Clone IC AT89C51RB2 Code

We can Clone IC AT89C51RB2 Flash, pleae view the  IC AT89C51RB2 features for your reference:

The AT89C51RB2/RC2 core needs only 6 clock periods per machine cycle. This feature

called ‘X2’ provides the following advantages:

Divide frequency crystals by 2 (cheaper crystals) while keeping same CPU power. Save power consumption while keeping same CPU power (oscillator power saving). Save power consumption by dividing dynamically the operating frequency by 2 in operating and idle modes when Clone IC .

Increase CPU power by 2 while keeping same crystal frequency. In order to keep the original C51 compatibility, a divider by 2 is inserted between the XTAL1 signal and the main clock input of the core (phase generator). This divider may be disabled by software if Clone IC .
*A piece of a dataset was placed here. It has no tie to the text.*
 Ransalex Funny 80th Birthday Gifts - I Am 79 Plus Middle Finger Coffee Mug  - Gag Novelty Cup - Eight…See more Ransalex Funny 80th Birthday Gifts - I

The clock for the whole circuit and peripherals is first divided by 2 before being used by the CPU core and the peripherals. This allows any cyclic ratio to be accepted on XTAL1 input. In X2 mode, as this divider is bypassed, the signals on XTAL1 must have a cyclic ratio between 40 to 60% after Clone IC .

Figure 4 shows the clock generation block diagram. X2 bit is validated on the rising edge of the XTAL1÷2 to avoid glitches when switching from X2 to X1 mode. Figure 5 shows the switching mode waveforms. The X2 bit in the CKCON0 register (see Table 15) allows a switch from 12 clock periods per instruction to 6 clock periods and vice versa. At reset, the speed is set according to X2 bit of Hardware Security Byte (HSB). By default, Standard mode is active. Setting the X2 bit activates the X2 feature (X2 mode) before Clone IC .
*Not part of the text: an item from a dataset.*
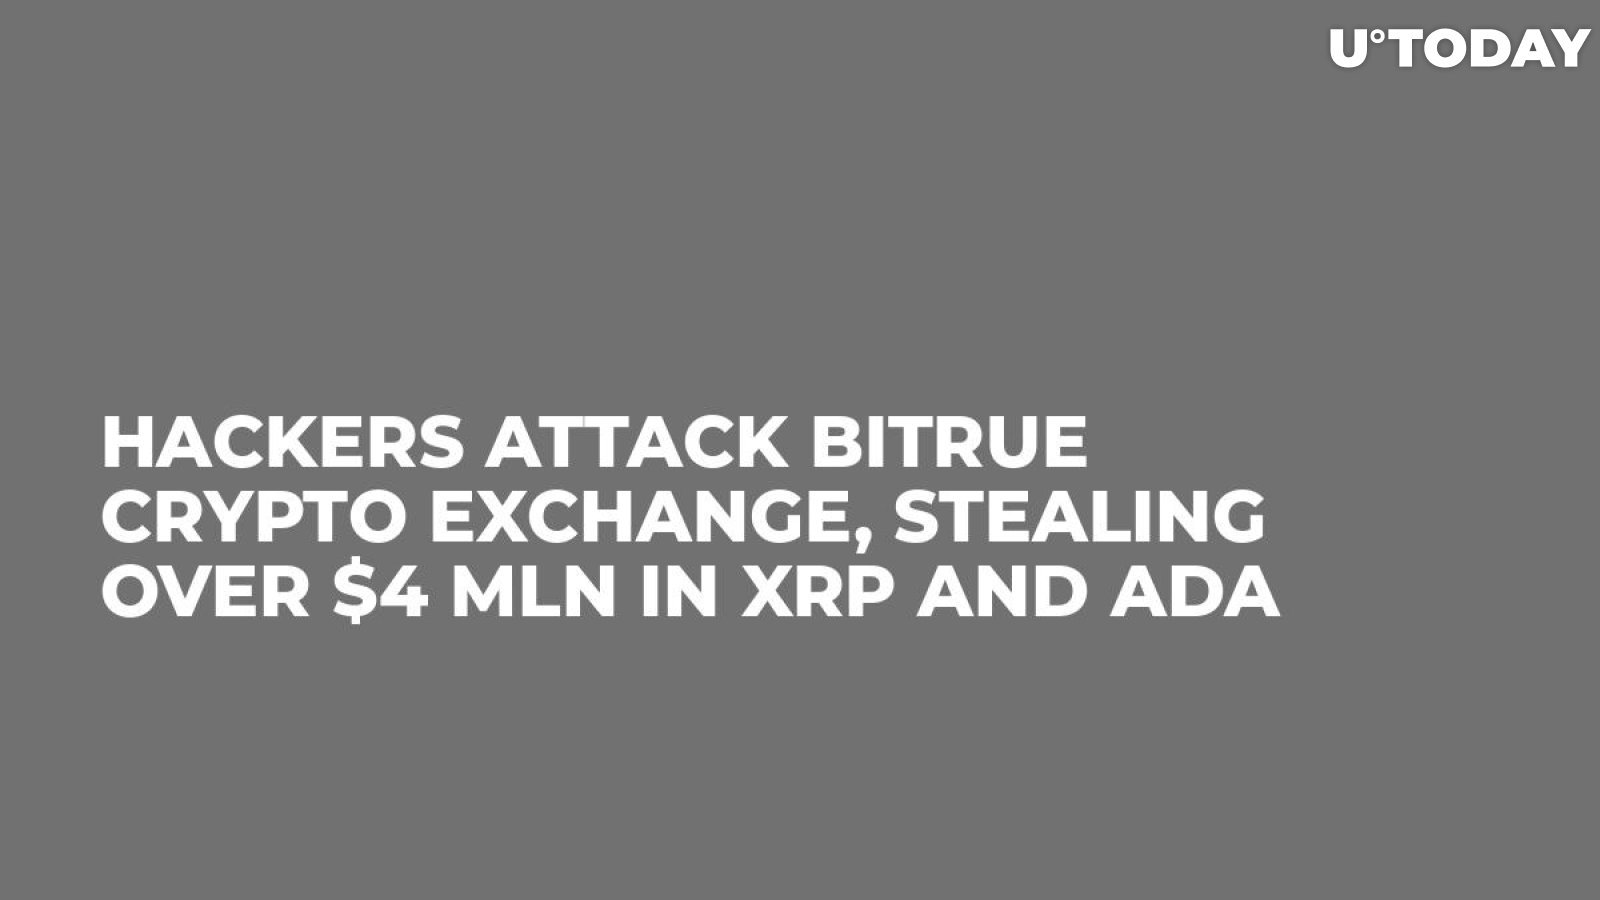 Hackers Attack Bitrue Crypto Exchange, Stealing Over $4 Mln in XRP and ADA

The T0X2, T1X2, T2X2, UARTX2, PCAX2, and WDX2 bits in the CKCON0 register (Table 15) and SPIX2 bit in the CKCON1 register (see Table 16) allow a switch from standard peripheral speed (12 clock periods per peripheral clock cycle) to fast peripheral speed (6 clock periods per peripheral clock cycle). These bits are active only in X2 mode if Clone IC .

The AT89C51RB2/RC2 provides additional bytes of random access memory (RAM) space for increased data parameter handling and high-level language usage.  AT89C51RB2/RC2 devices have expanded RAM in external data space; maximum size and location are described in Table 18 when Clone IC .

The AT89C51RB2/RC2 has internal data memory that is mapped into four separate segments. The four segments are:

The Lower 128 Bytes of RAM (addresses 00h to 7Fh) are directly and indirectly addressable.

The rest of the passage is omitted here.